With rumblings that the Affordable Care Act could be disbanded, some health care professionals are worried about the potential impact on University of Minnesota students.
If the entire act is thrown out, most students would have to purchase their own healthcare due to a University of Minnesota requirement that students be insured, though the future status of the ACA is uncertain.
Carl Anderson, Boynton Health Service’s director and chief medical officer, said President Donald Trump’s administration could repeal and replace the act, repeal it and not replace it, only replace portions of it, or do nothing.
“The problem is, with those four scenarios and no clear direction, we have no idea what the impact is going to be on anyone,” Anderson said. “Nobody has said for sure what they’re going to do.”
Heidi Johng, a medical and public health graduate student, expressed uncertainty in what the Republican Party, at the federal level, would do with the act, and said a repeal would be detrimental because one of the current proposed plans leaves out marginalized populations.
The act allows students to stay on their parents’ healthcare plans until age 26, and in Minnesota, the uninsured rate went from 8.8 percent to 4.3 percent after it was enacted.
“We are in a very privileged position, even if we are over 26 years old,” she said of the impact on University students. “The only thing that I see happening is that we would be limited in our options.”
Anderson said about 25 percent of students are covered by the Student Health Benefit Plan, 20 percent are covered by the Graduate Assistant Health Plan and the rest are under third-party commercial insurance or public-funded healthcare like Medicare and Medicaid.
Dane Thompson, a medical and MBA student, said the act’s goal was to stabilize the individual healthcare market and provide access to people who had preexisting medical conditions.
He said a repeal would hurt many people in the country, despite the fact that students are offered healthcare through the University.
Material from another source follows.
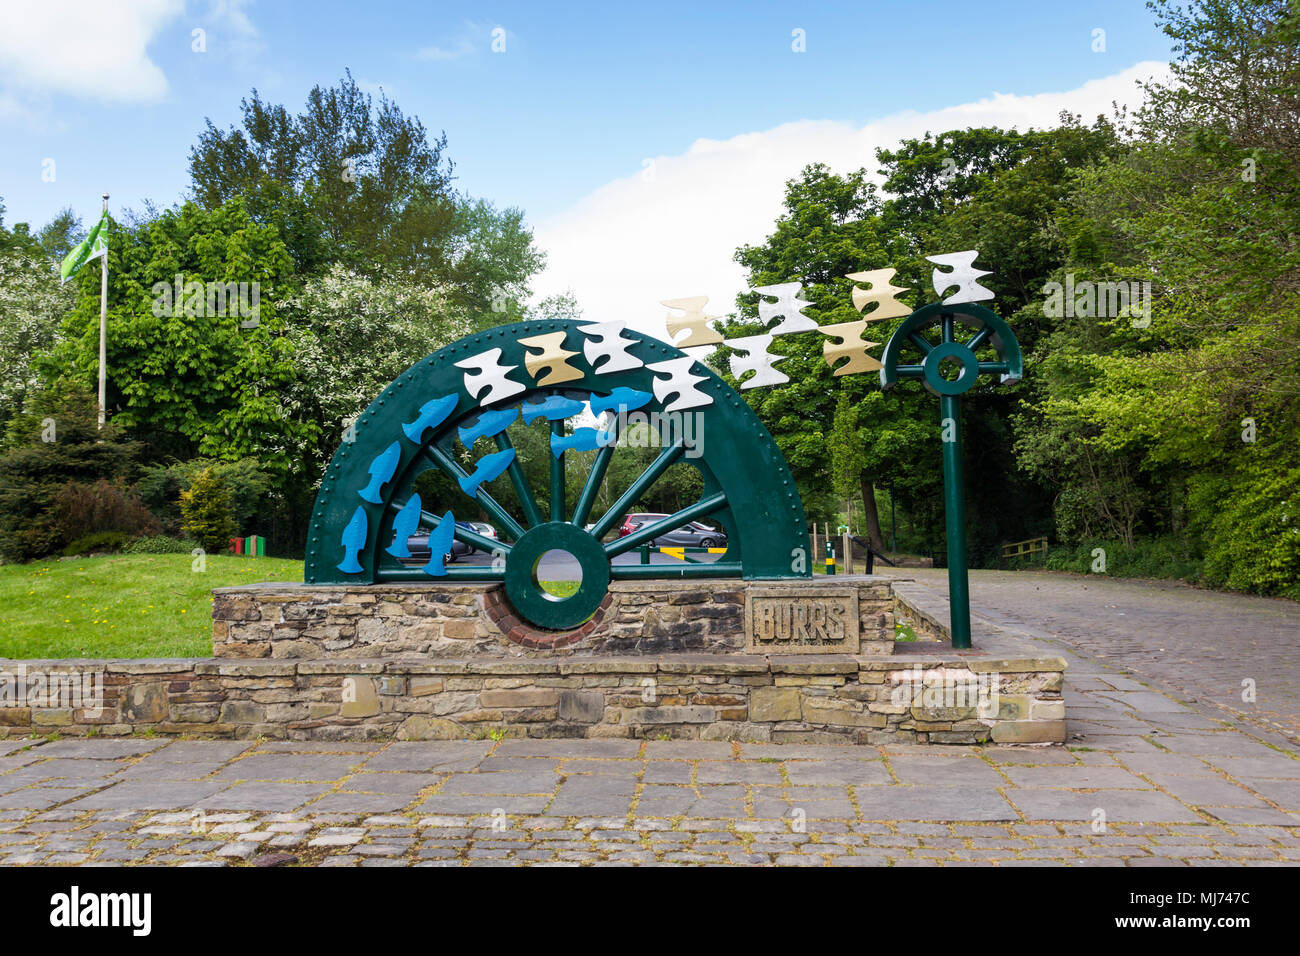 Waterwheel sculpture by David Kemp at the entrance to Burrs Country Park, Bury, installed in 1996. The Waterwheel was commissioned by Bury Council. Stock Photo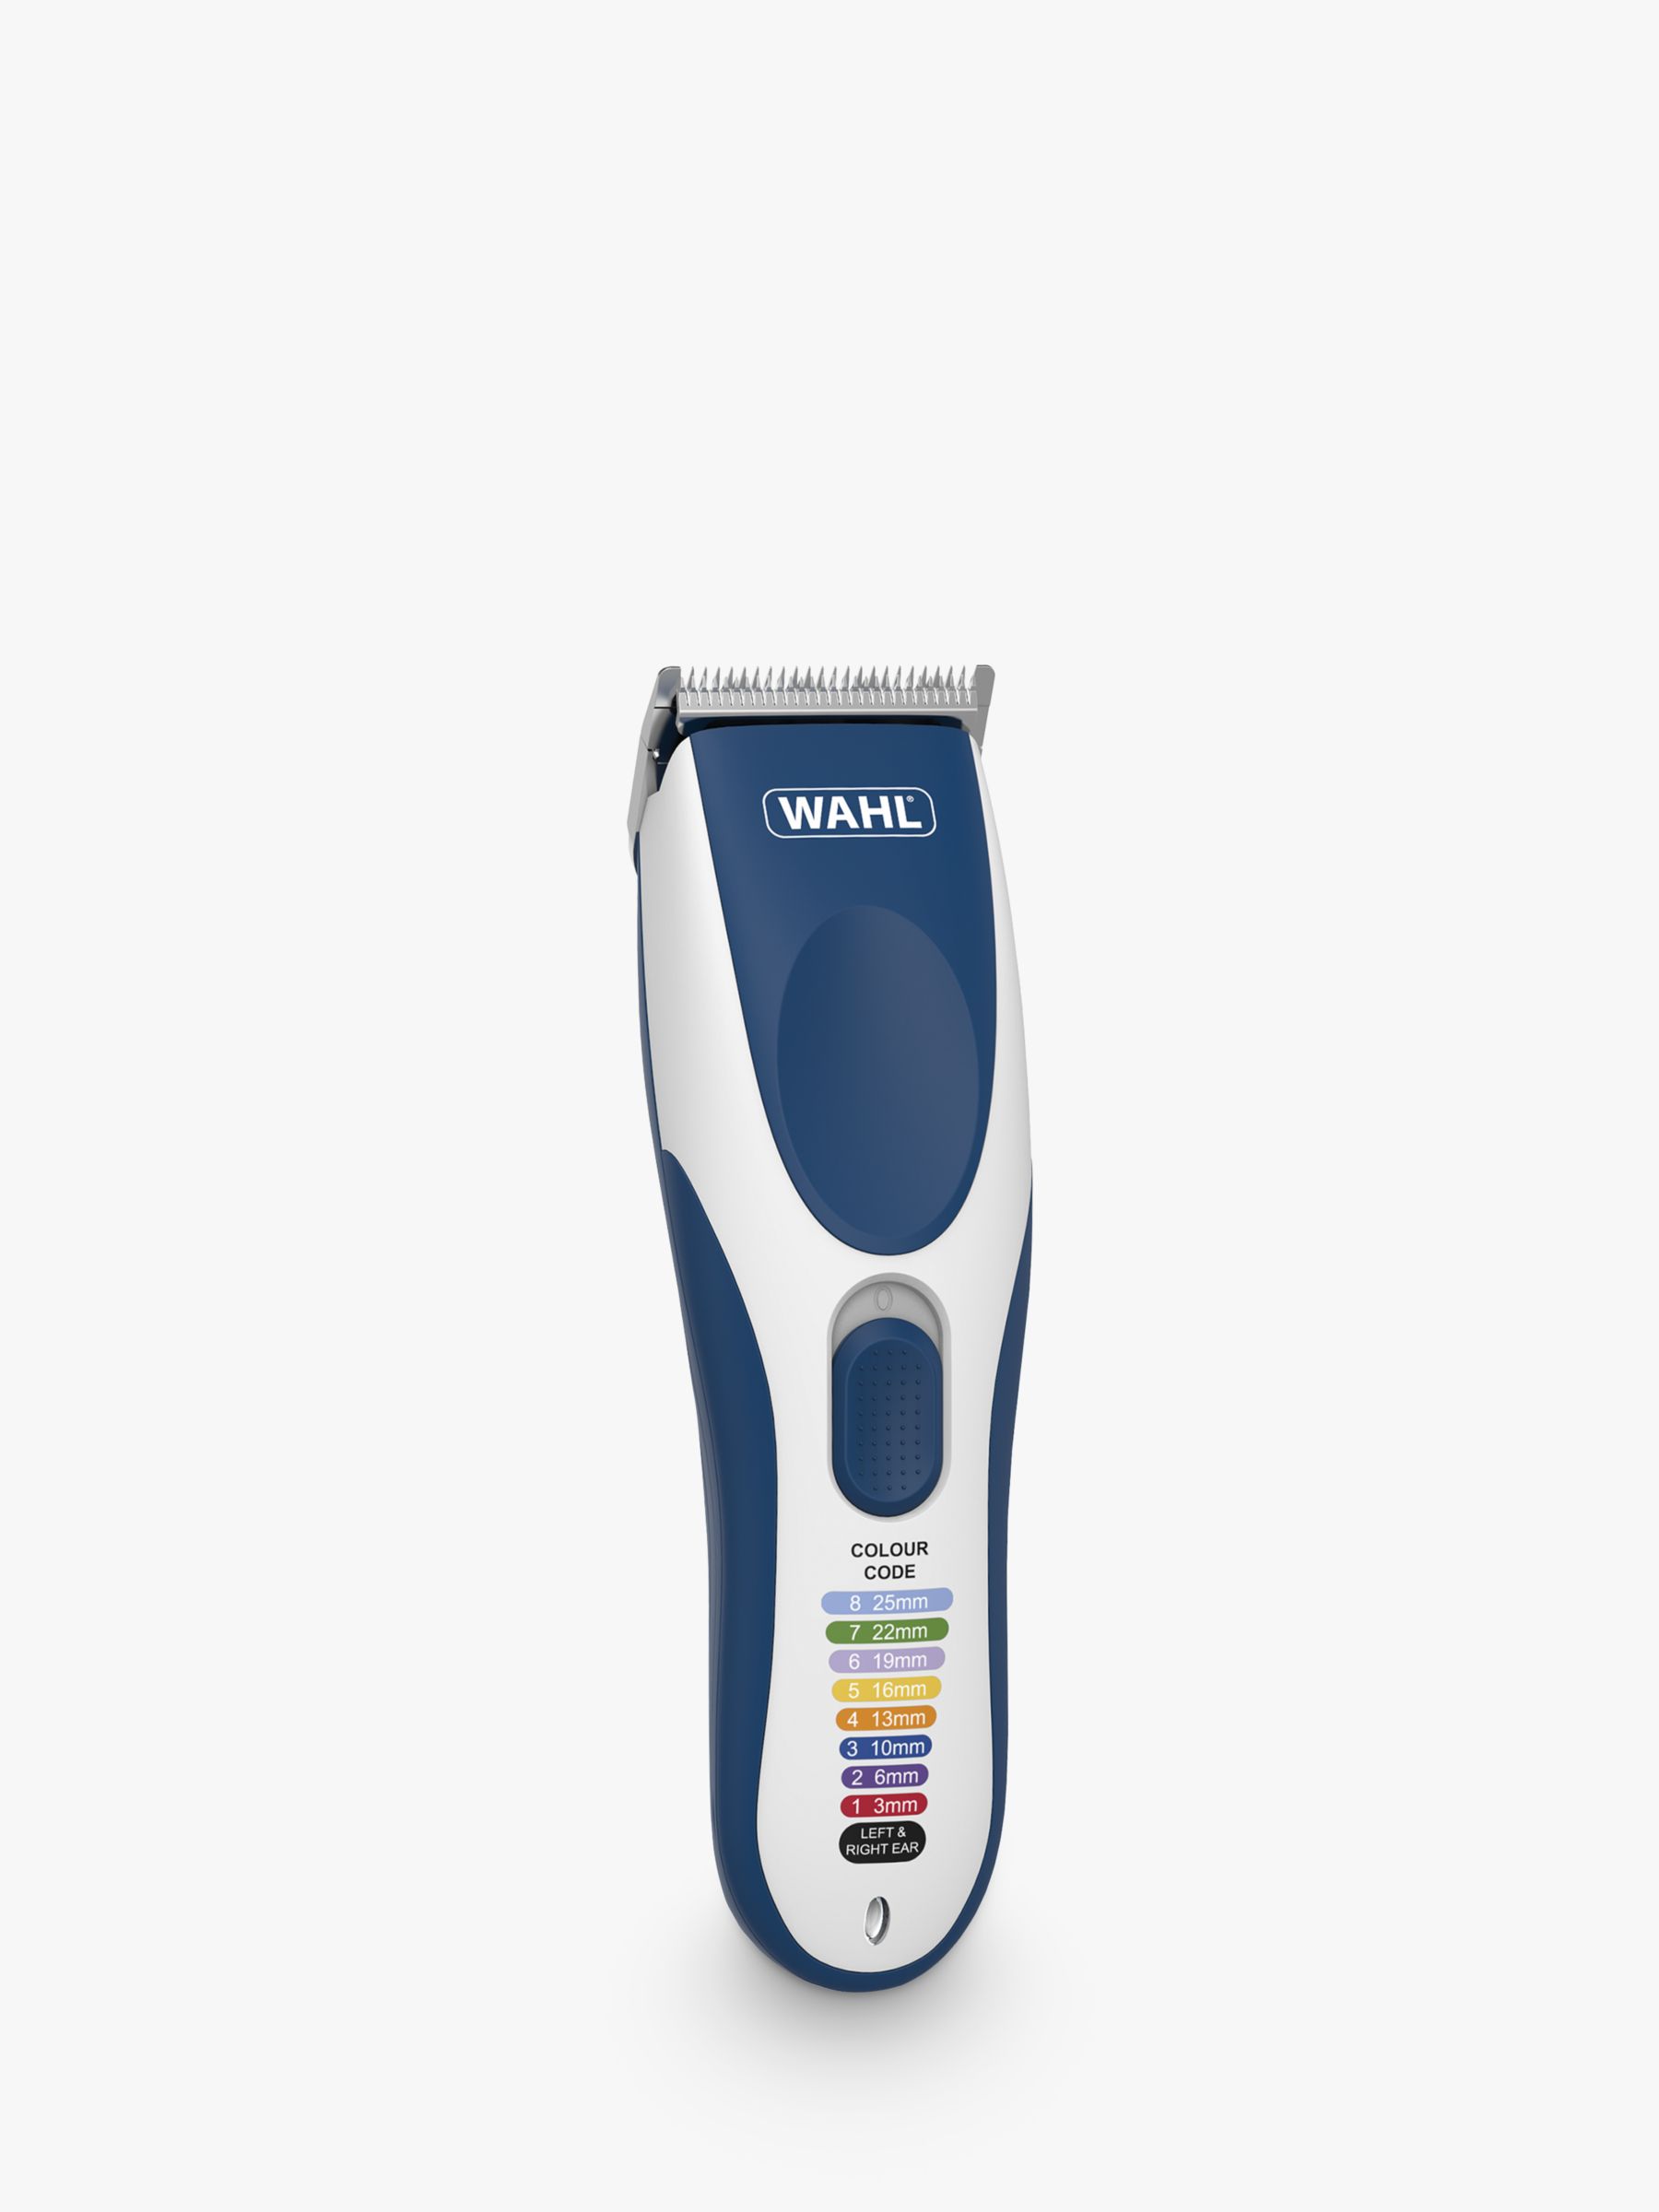 wahl colour pro styler hair clipper cordless

Families of students who are covered by the ACA would be impacted more.
“There’s a lot of people with chronic medical conditions that won’t be able to find insurance at all if the act was repealed,” Thompson said.
A total repeal would also impact recent graduates who wouldn’t have the safety of their parents’ plan if they didn’t immediately find a job with insurance benefits, said Lynn Blewett, a health policy professor in the University’s School of Public Health.
“Usually if you’re working for retail or a small employer, you might not have access to employer-sponsored coverage,” she said.
Blewett said a full repeal would increase the uninsured rate and Minnesota’s existing programs would receive less funding. “I think Minnesota would have to start from scratch.”
The act, signed in 2010, aimed to increase access for the uninsured, Blewett said
She said she thinks the provision allowing people 26 and under to stay on their parents’ plan would remain in place under a new plan because of its popularity.
Blewett said a fraction of the Republicans on the federal level want to repeal the whole ACA, while others would rather keep parts of it.
“There are a lot of advantages to the program at the state level, so there are some moderate Republicans who don’t want to repeal everything,” she said. “It’s a real opportunity to pass something, but there’s currently a lot of disagreement.”